The Massachusetts government, on the 24th of August, sent by water an armed force of eighty volunteers, under the command of John Endicott, Esq. with instructions to “put to death the men of Block-Island, but to spare the women and children, and to bring them away, and to take possession of the island; and from thence to go to the Pequods, to demand the murderers of Captain Stone and other English, some thousand fathoms of wampum, for damages, and some of their children as hostages, which, if they should refuse, they were to obtain it by force.”[[167]] These stern orders were not strictly executed; yet many Indians were killed, a large number of wigwams were burnt, at Block-Island and on Connecticut river, some corn was destroyed, and other damage was done. The troops returned to Boston, on the 14th of September, without the loss of a man.
This expedition had little effect, except to exasperate the natives. Mr. Endicott was the object of many censures for returning, without striking a severer blow. But his force was small, the winter was approaching, and prudence, undoubtedly, required his return.
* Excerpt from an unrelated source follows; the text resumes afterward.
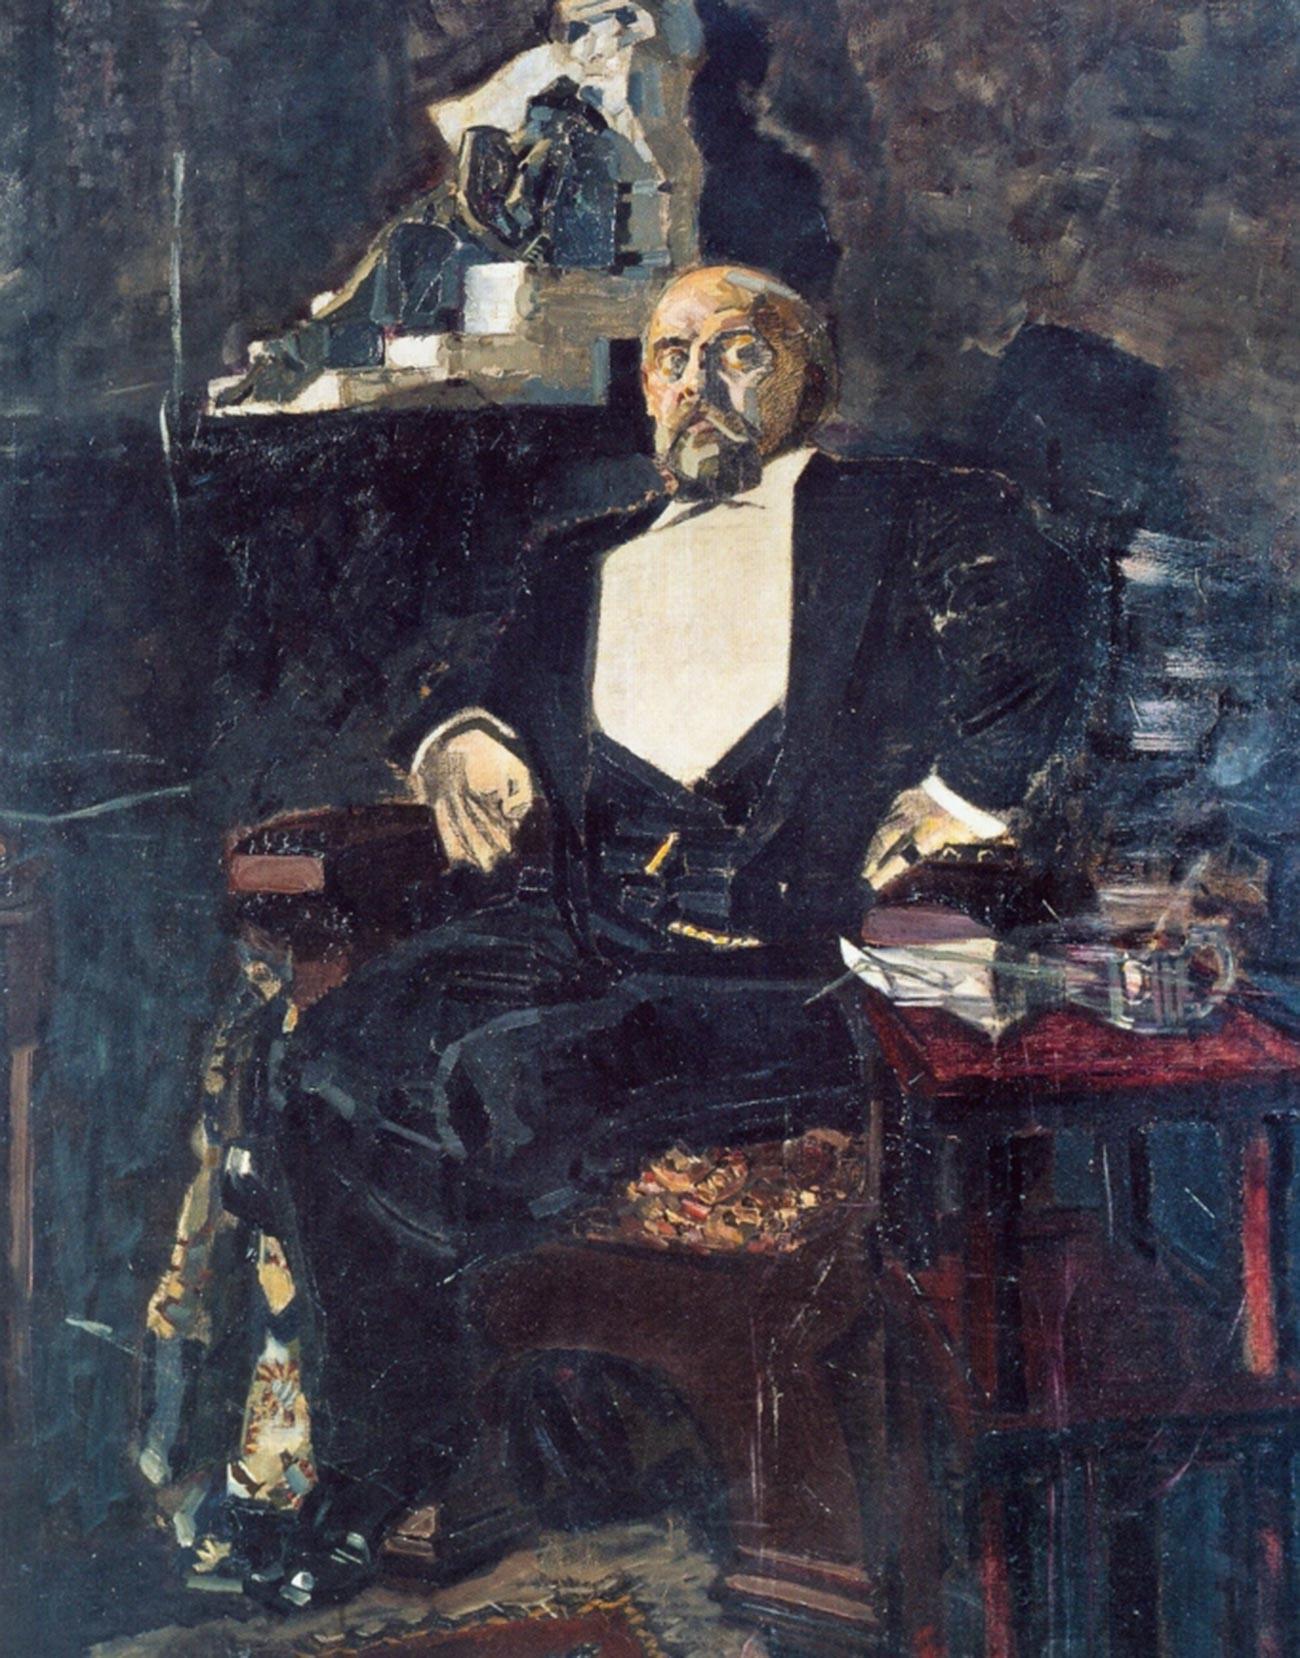 Mikhail Vrubel,

The Pequods became more decidedly hostile. They killed several white persons, and made strenuous efforts to induce the powerful Narraganset tribe to forget their mutual animosity, and join with them in a war of extermination against the English. “There had been,” says Hutchinson, (vol. i. p. 60) “a fixed, inveterate enmity, between the two tribes; but on this occasion the Pequods were willing to smother it, their enmity against the English being the strongest of the two: and although they had never heard the story of Polypheme and Ulysses, yet they artfully urged, that the English were come to dispossess them of their country, and that all the Narragansets could hope for from their friendship, was the favor of being the last devoured: whereas, if the Indians would unite, they might easily destroy the English, or force them to leave the country, without being exposed themselves to any hazard. They need not come to open battles; firing their houses, killing their cattle, and lying in wait for them as they went about their ordinary business, would soon deprive them of all means of subsisting. But the Narragansets preferred the present pleasure of revenge upon their mortal enemies, to the future happiness of themselves and their posterity.”
The chief merit of preventing this league, and thus, perhaps, saving the whites from destruction, is due to Mr. Williams. The magistrates of Massachusetts solicited his mediation with the Narragansets. They did not ask it in vain. Mr. Williams instantly undertook the service, and with much toil, expense and hazard, he succeeded in defeating the endeavors of the Pequods to win over the Narragansets to a coalition against the English. Mr. Williams, in his letter to Major Mason, has incidentally related his agency in this affair. It is due to him, to quote here his own simple and energetic words:
“Upon letters received from the Governor and Council at Boston, requesting me to use my utmost and speediest endeavors to break and hinder the league labored for by the Pequods and Mohegans against the English, (excusing the not sending of company and supplies by the haste of the business) the Lord helped me immediately to put my life into my hand, and, scarce acquainting my wife, to ship myself alone, in a poor canoe, and to cut through a stormy wind, with great seas, every minute in hazard of life, to the sachem’s house. Three days and nights my business forced me to lodge and mix with the bloody Pequod ambassadors, whose hands and arms, methought, reeked with the blood of my countrymen, murdered and massacred by them on Connecticut river, and from whom I could not but nightly look for their bloody knives at my own throat also. God wondrously preserved me, and helped me to break to pieces the Pequods’ negotiation and design; and to make and finish, by many travels and charges, the English league with the Narragansets and Mohegans against the Pequods.”